Given records →

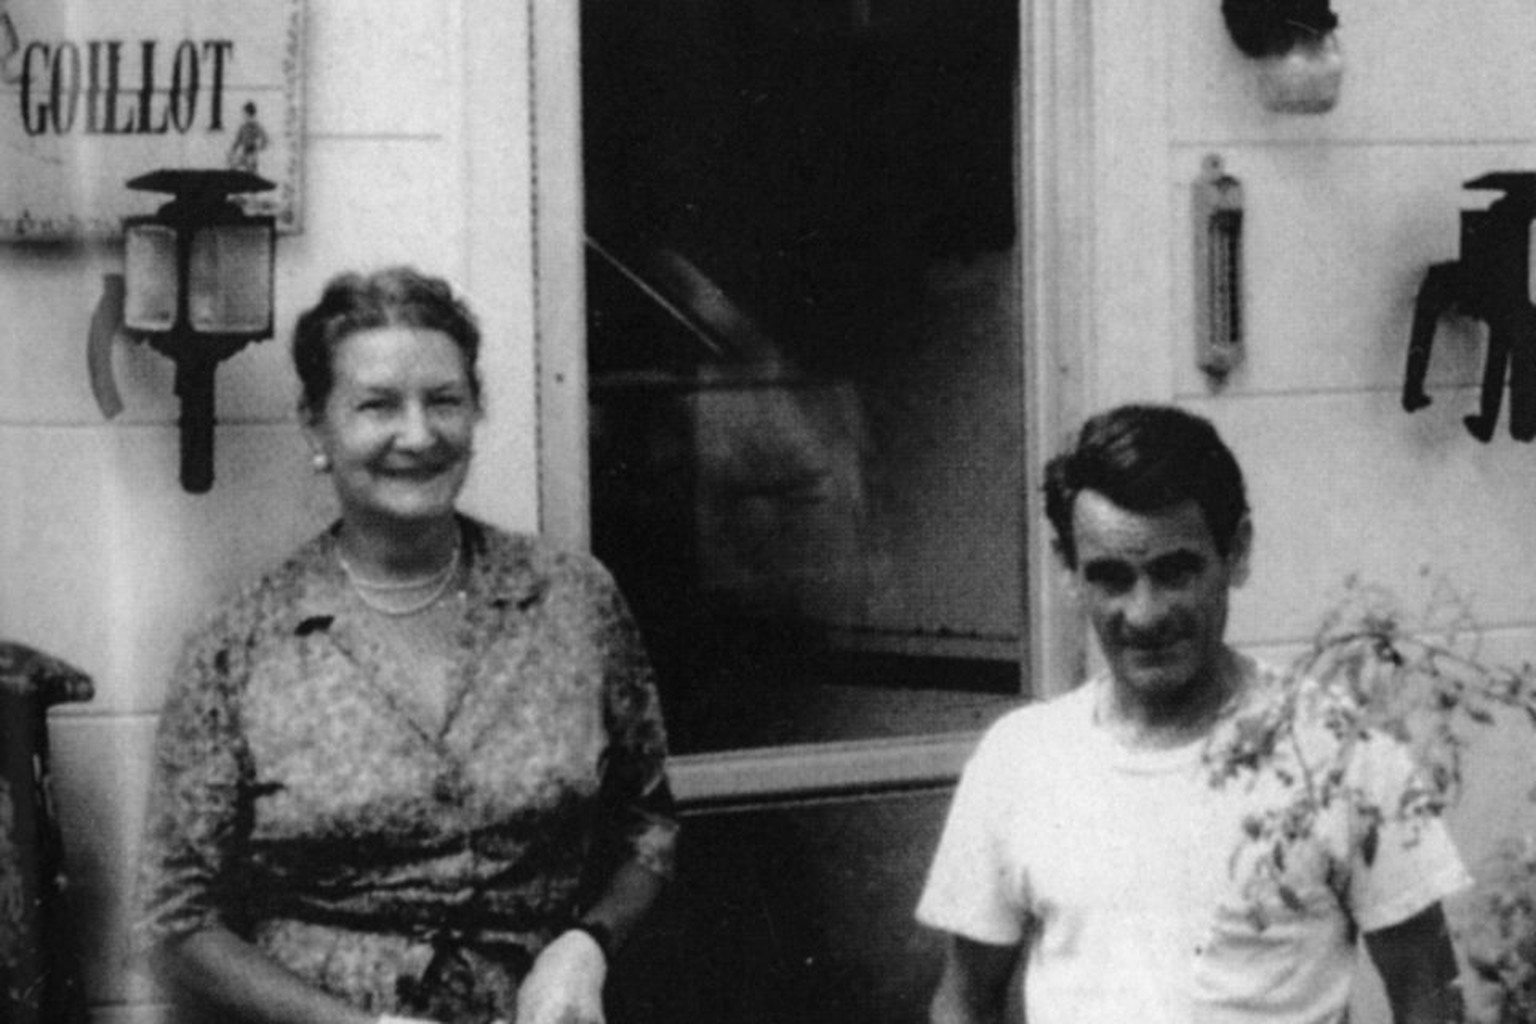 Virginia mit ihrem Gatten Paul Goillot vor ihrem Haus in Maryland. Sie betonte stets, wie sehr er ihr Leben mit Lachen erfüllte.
* * *
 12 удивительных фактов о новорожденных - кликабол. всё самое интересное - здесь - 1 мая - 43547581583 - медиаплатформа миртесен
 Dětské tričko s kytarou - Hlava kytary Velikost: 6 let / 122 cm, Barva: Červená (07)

Exercise prompt →
Above this task is a listing. Restate, word for word and with nothing added, the lines from the one with "12 удивительных фактов" through the one with "Dětské tričko s".

Response area →
 12 удивительных фактов о новорожденных - кликабол. всё самое интересное - здесь - 1 мая - 43547581583 - медиаплатформа миртесен
 Dětské tričko s kytarou - Hlava kytary Velikost: 6 let / 122 cm, Barva: Červená (07)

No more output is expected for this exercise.